KR100333814B1 - Dual unit type air conditioner for heating and cooling and defrosting method thereof - Google Patents

Abstract

Disclosed are a combined air-conditioning type separate air conditioner and a defrosting method capable of simultaneously performing a heating operation even during a defrosting operation. The air conditioner includes a compressor (11); An indoor heat exchanger (12); An outdoor heat exchanger 14 including a plurality of outdoor heat exchangers 15 and 15 'arranged in parallel; Four-way valve 20; And a plurality of connecting the first connecting pipe 21 and the heat exchange medium inlet side during heating of each of the outdoor heat exchange parts 15 and 15 ', and each of which is opened and closed by on / off valves 17 and 17'. And bypass tubes 16 and 16 '. In the defrosting operation, the shut-off valves 17 and 17 'are alternately opened, whereby some of the heat exchange medium discharged from the compressor flows into the outdoor heat exchange part of the outdoor heat exchange part through the bypass pipe, and the remaining heat exchange medium is indoors.
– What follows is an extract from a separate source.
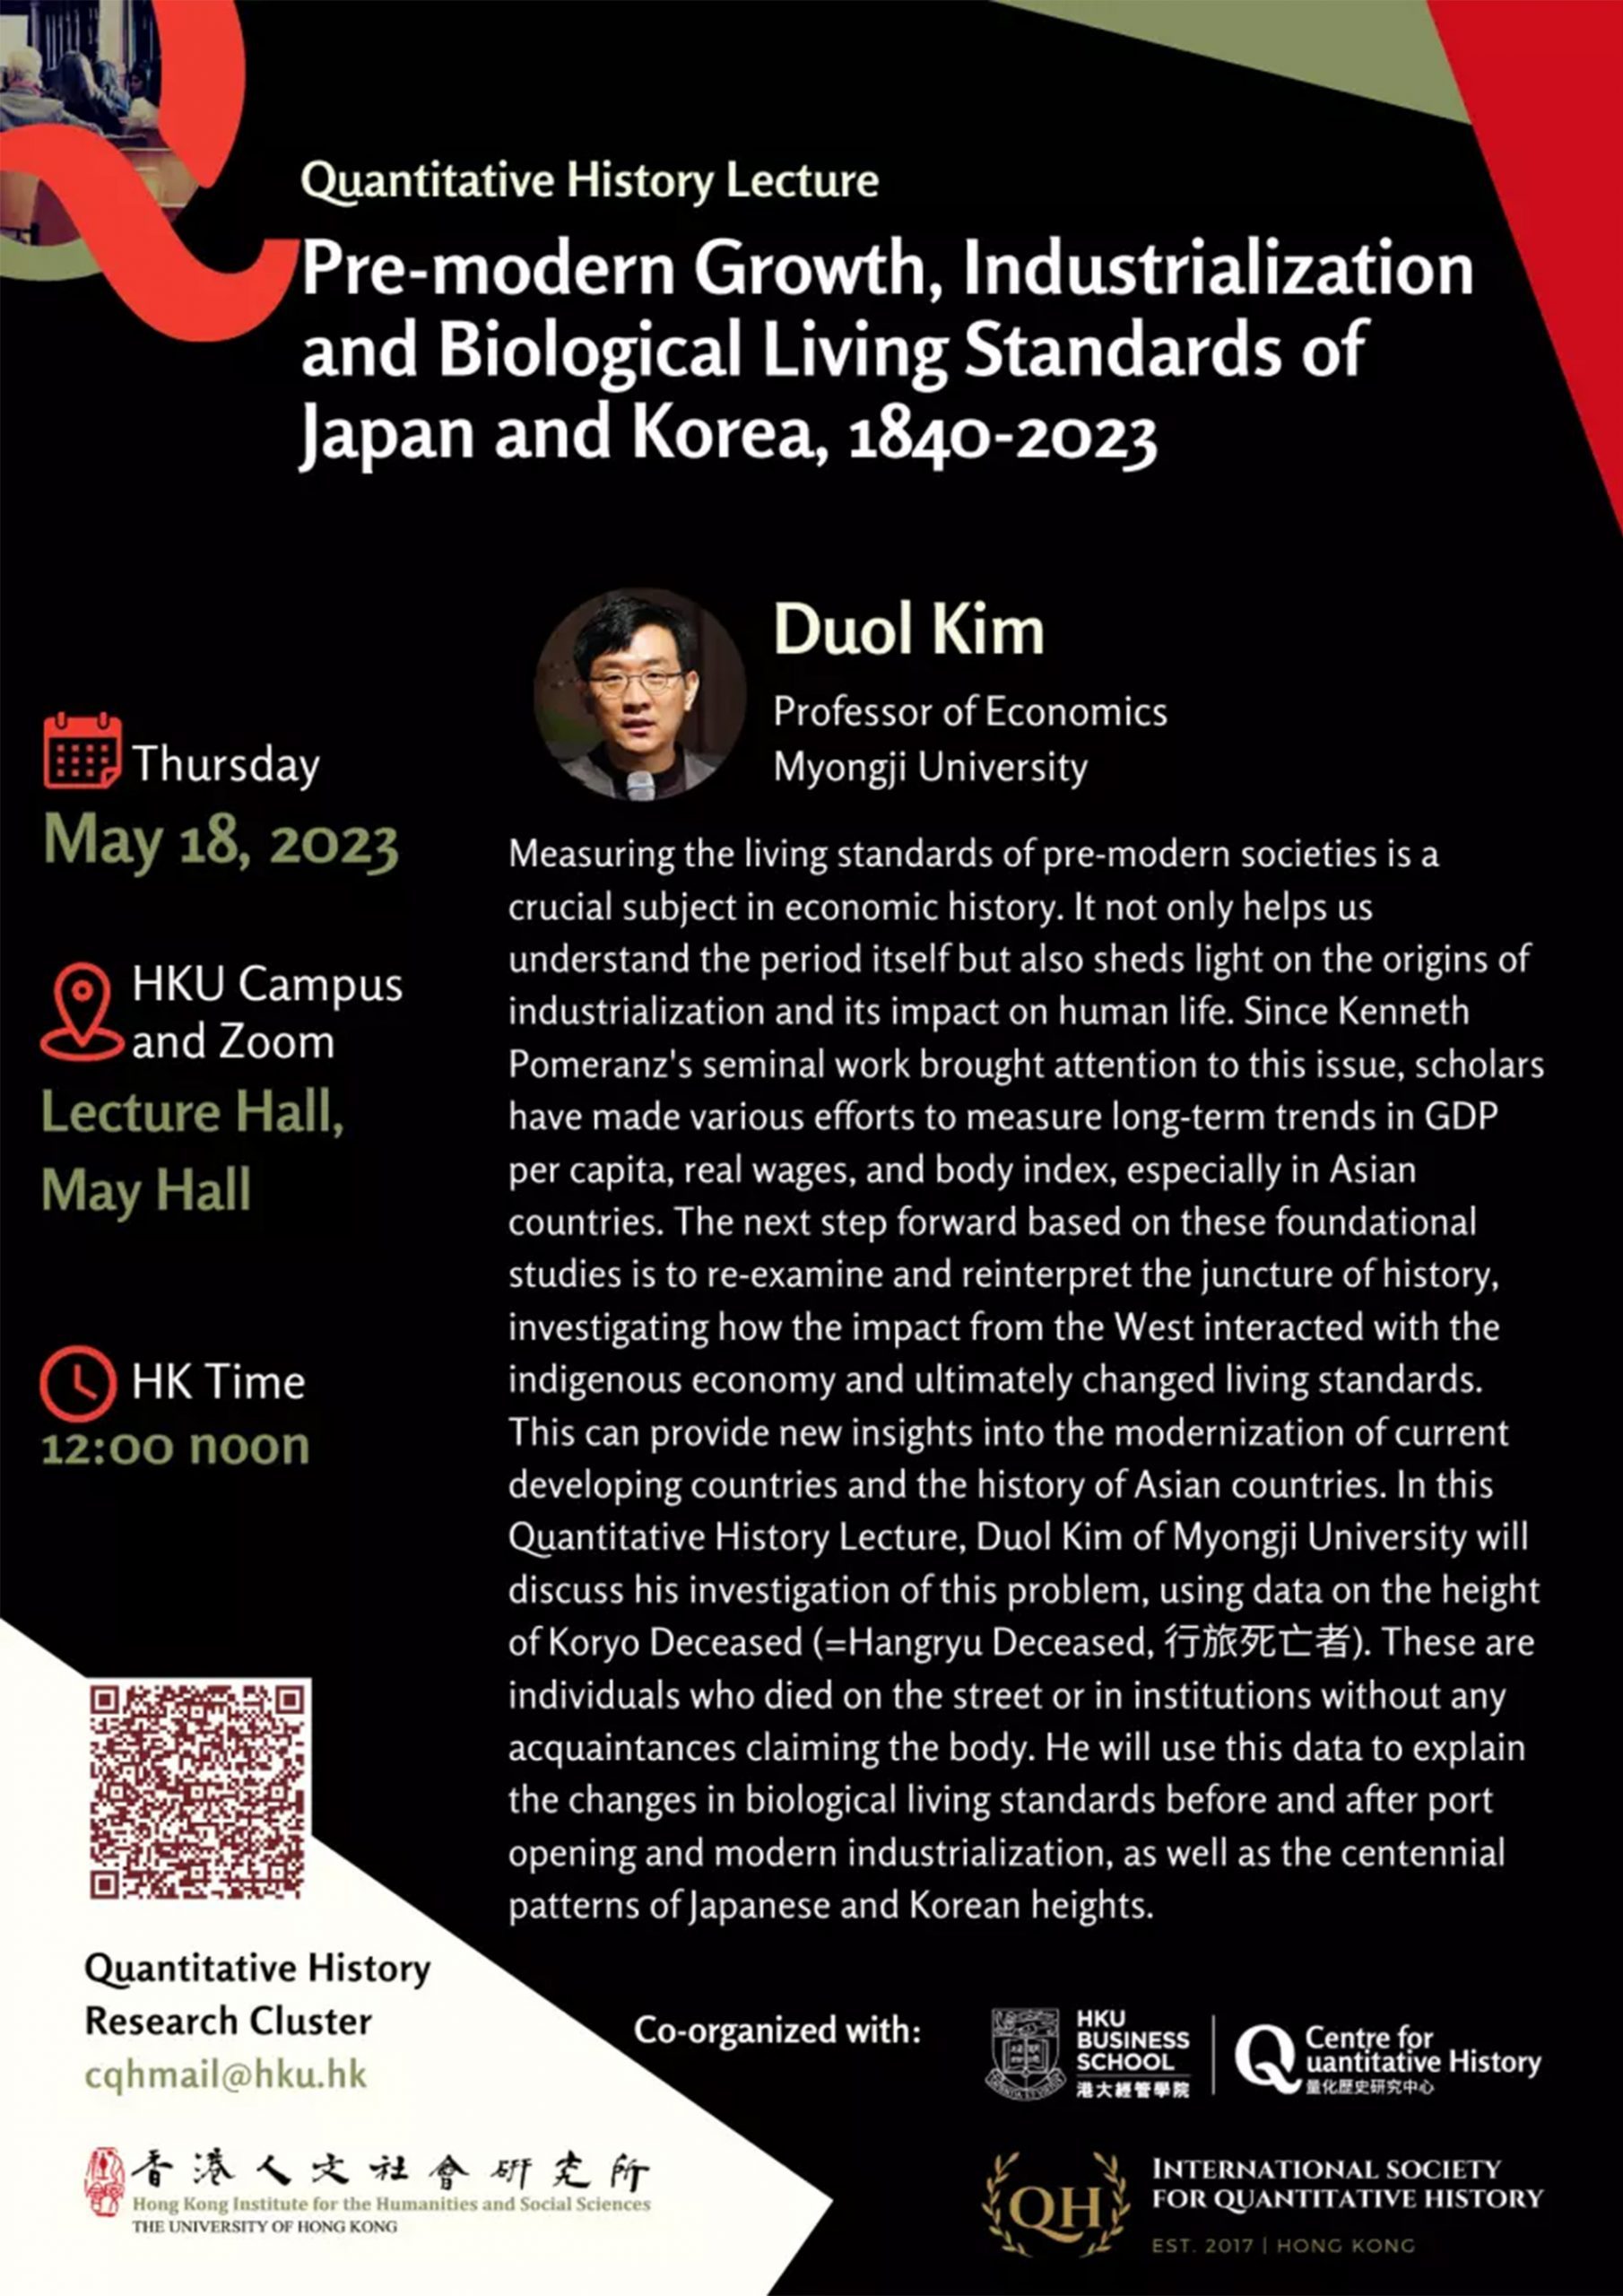 Quantitative History Lecture Series on “Pre-modern Growth, Industrialization and Biological Living Standards of Japan and Korea, 1840 – 2023” by Professor Duol Kim (May 18 2023)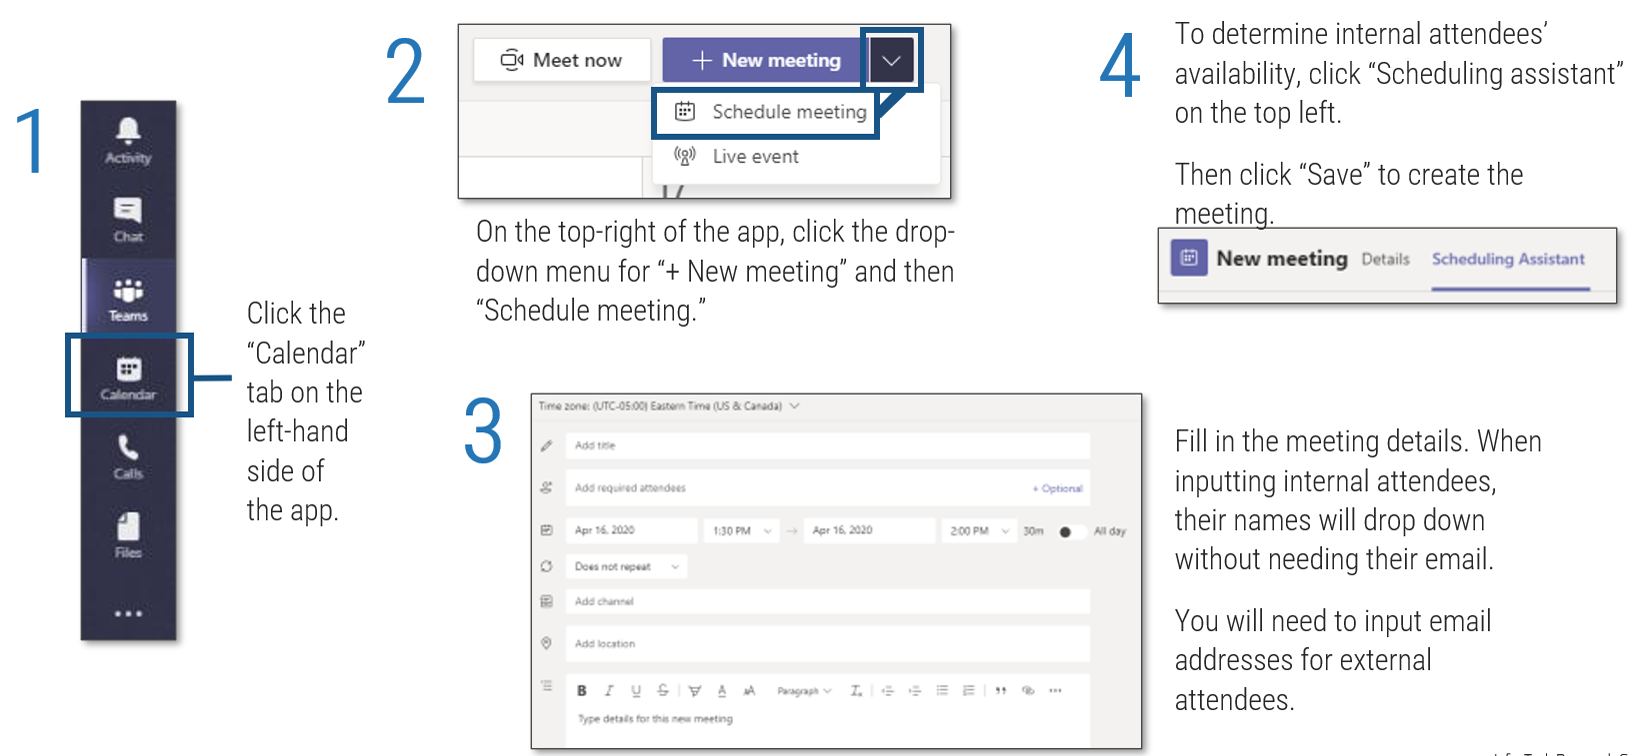 Screenshots detailing how to create a scheduled meeting in Microsoft Teams, steps 1 to 4. Step 1:'Click the “Calendar” tab on the left-hand side of the app'. Step 2: 'On the top-right of the app, click the drop-down menu for “+ New meeting” and then “Schedule meeting.”' Step 3: 'Fill in the meeting details. When inputting internal attendees, their names will drop down without needing their email. You will need to input email addresses for external attendees'. Step 4: 'To determine internal attendees’ availability, click “Scheduling assistant” on the top left. Then click “Save” to create the meeting'.

Flowing into the heat exchanger, heating is performed at the same time even during defrosting operation.

Description

Dual unit type air conditioner for heating and cooling and defrosting method

The present invention relates to a separate air conditioner for combined heating and cooling, and more particularly, to a separate air conditioner for combined heating and cooling, which enables heating even during defrosting operation, and a defrosting method thereof.

In general, an air conditioner refers to a mechanical device that heats and heats a room by using a heat exchange process between a heat exchange medium and an ambient atmosphere that undergoes a phase change process while circulating a closed circuit. An example of such an air conditioner separate type air conditioner of the air conditioner is shown in FIG. 1.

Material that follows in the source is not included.